__Work item__. Copy only what lies from the line containing "Joli bracelet soie Fetiche a nouer La Danse" through the line containing "Zdjęcie porno - 07" in the entries below, keeping both end lines exact and dropping every picture.
***** Records for the task
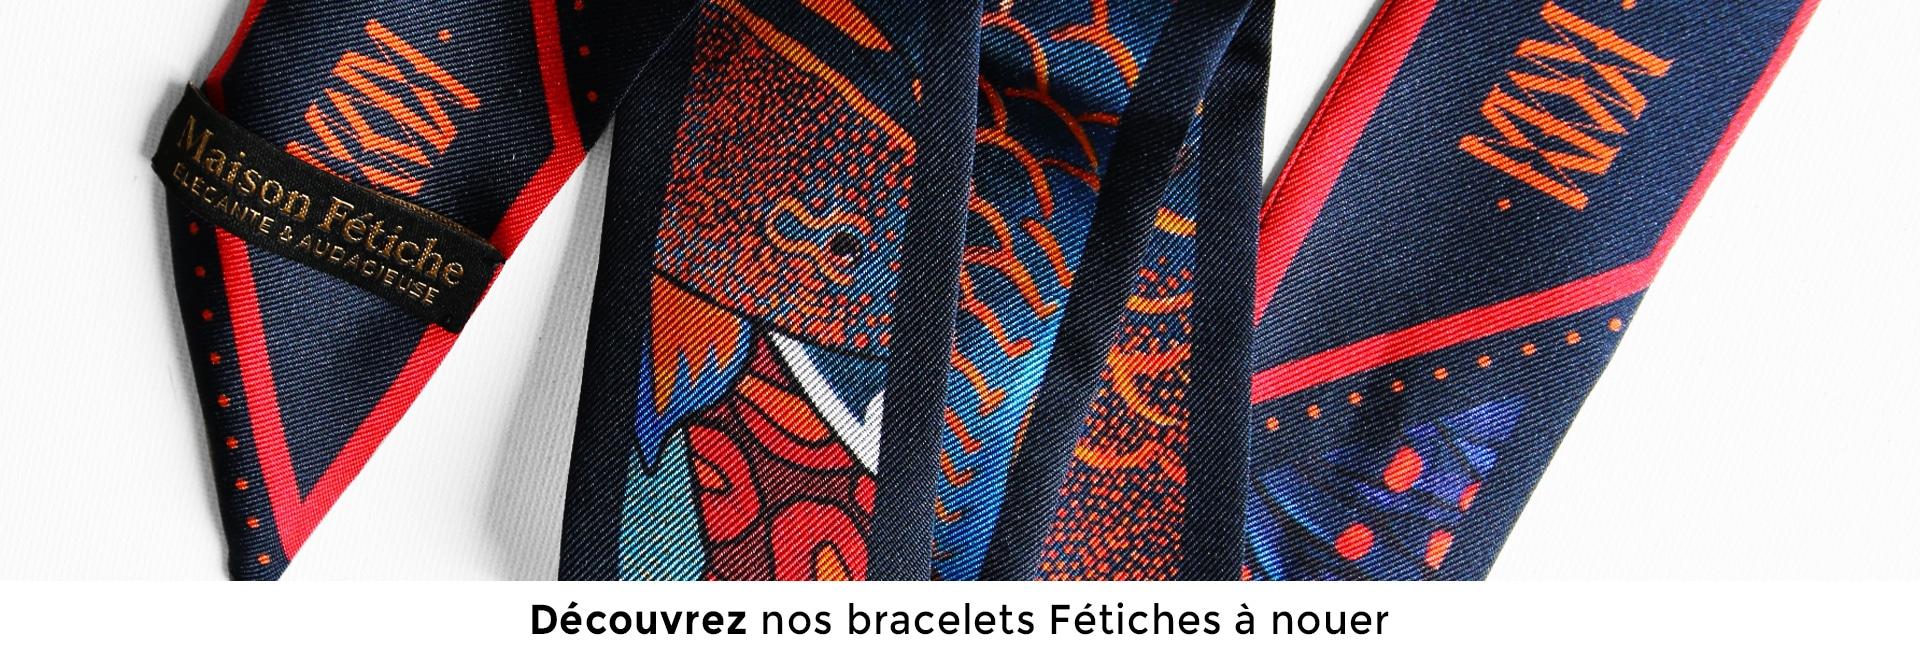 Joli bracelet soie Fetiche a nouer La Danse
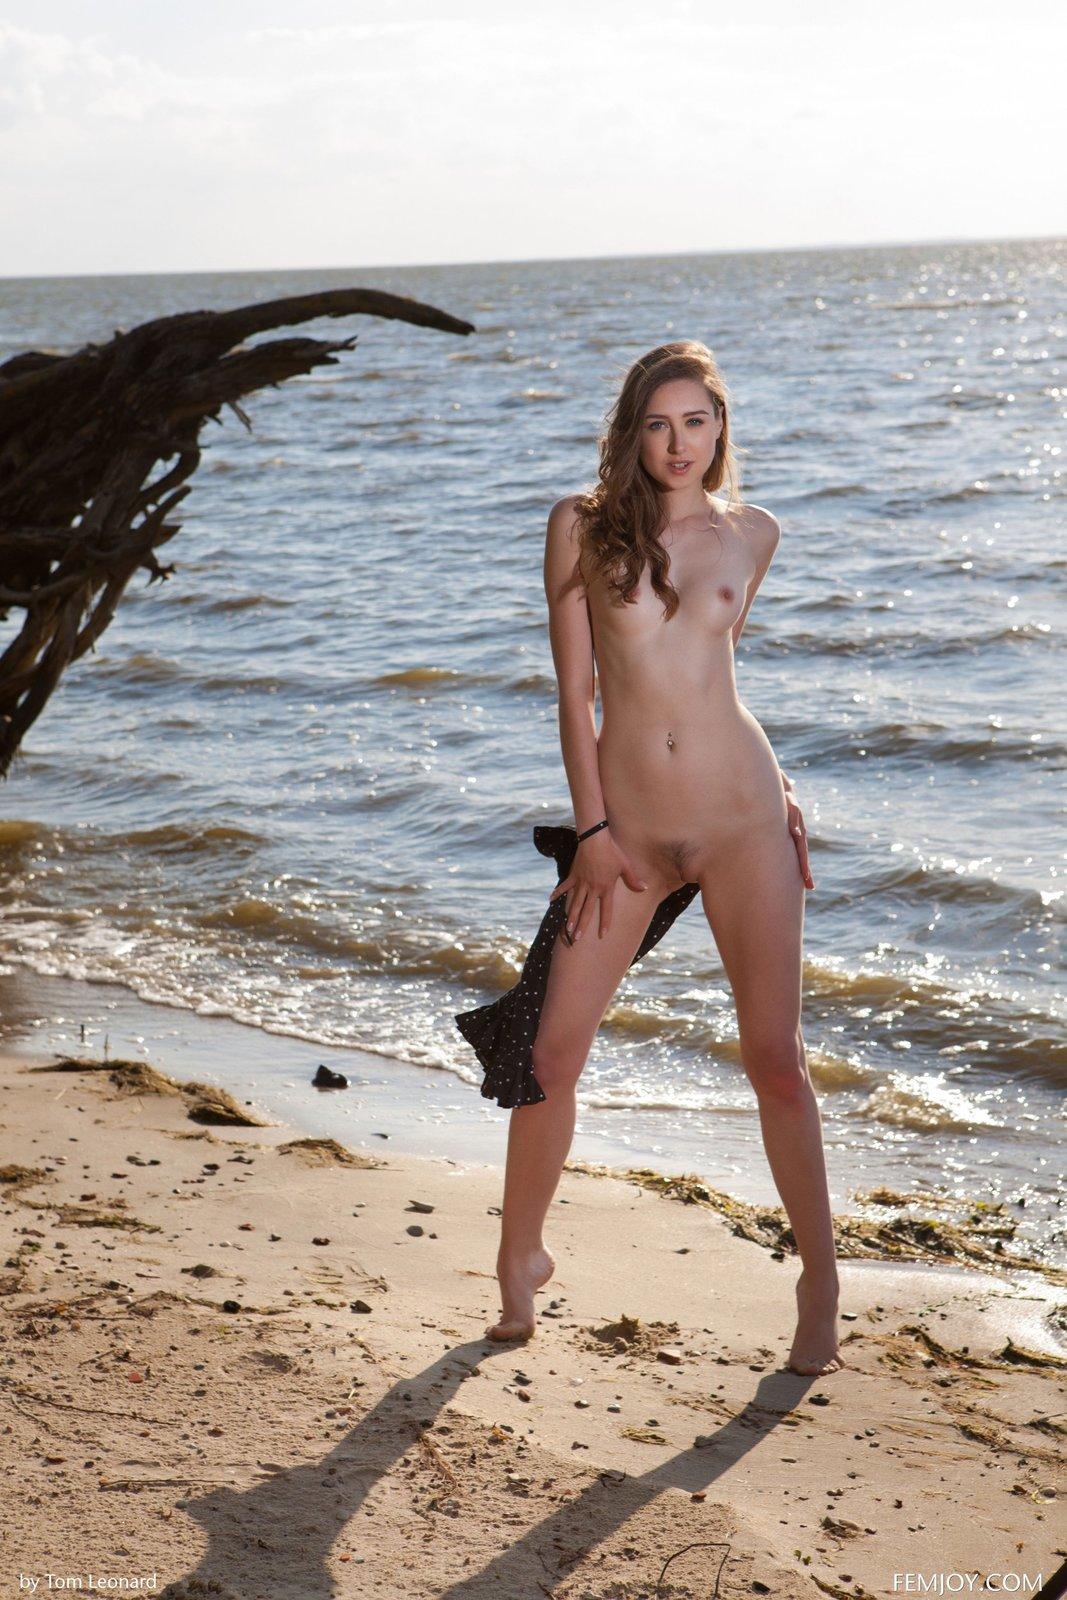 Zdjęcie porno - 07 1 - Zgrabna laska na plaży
**********
***** Records for the task
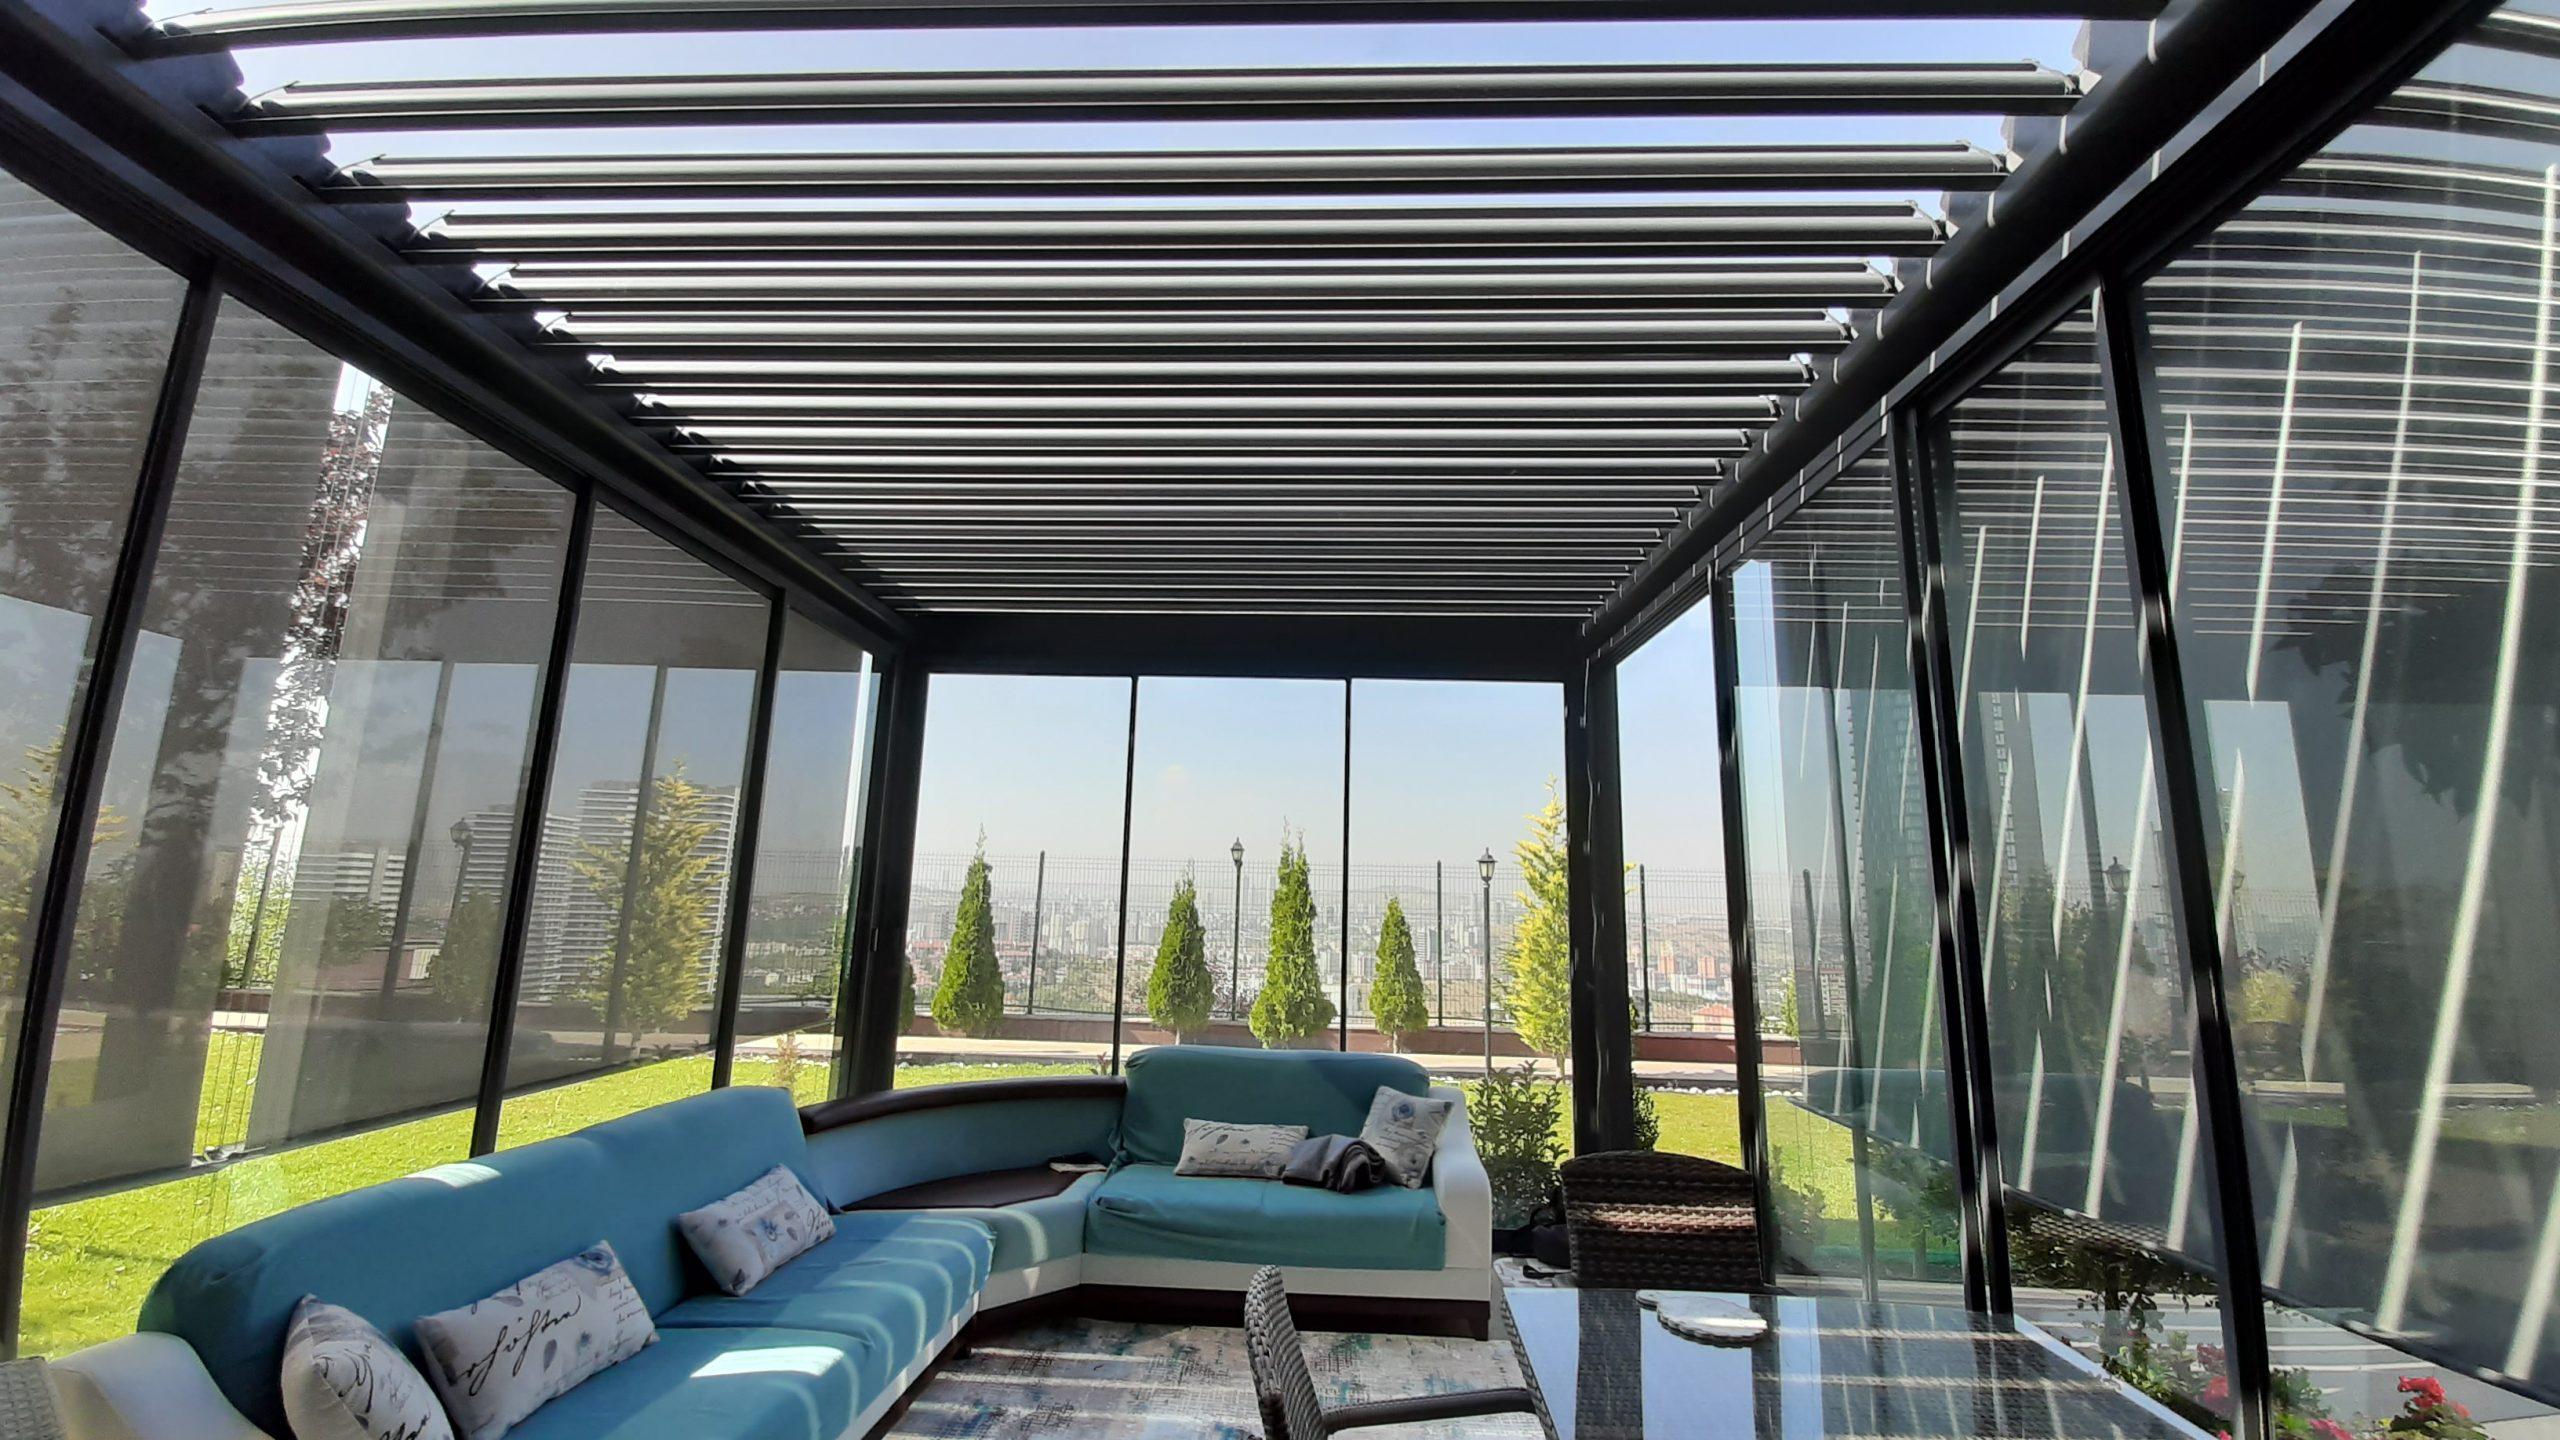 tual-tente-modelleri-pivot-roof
**********
__Solved exercise__.
 Joli bracelet soie Fetiche a nouer La Danse
 Zdjęcie porno - 07 1 - Zgrabna laska na plaży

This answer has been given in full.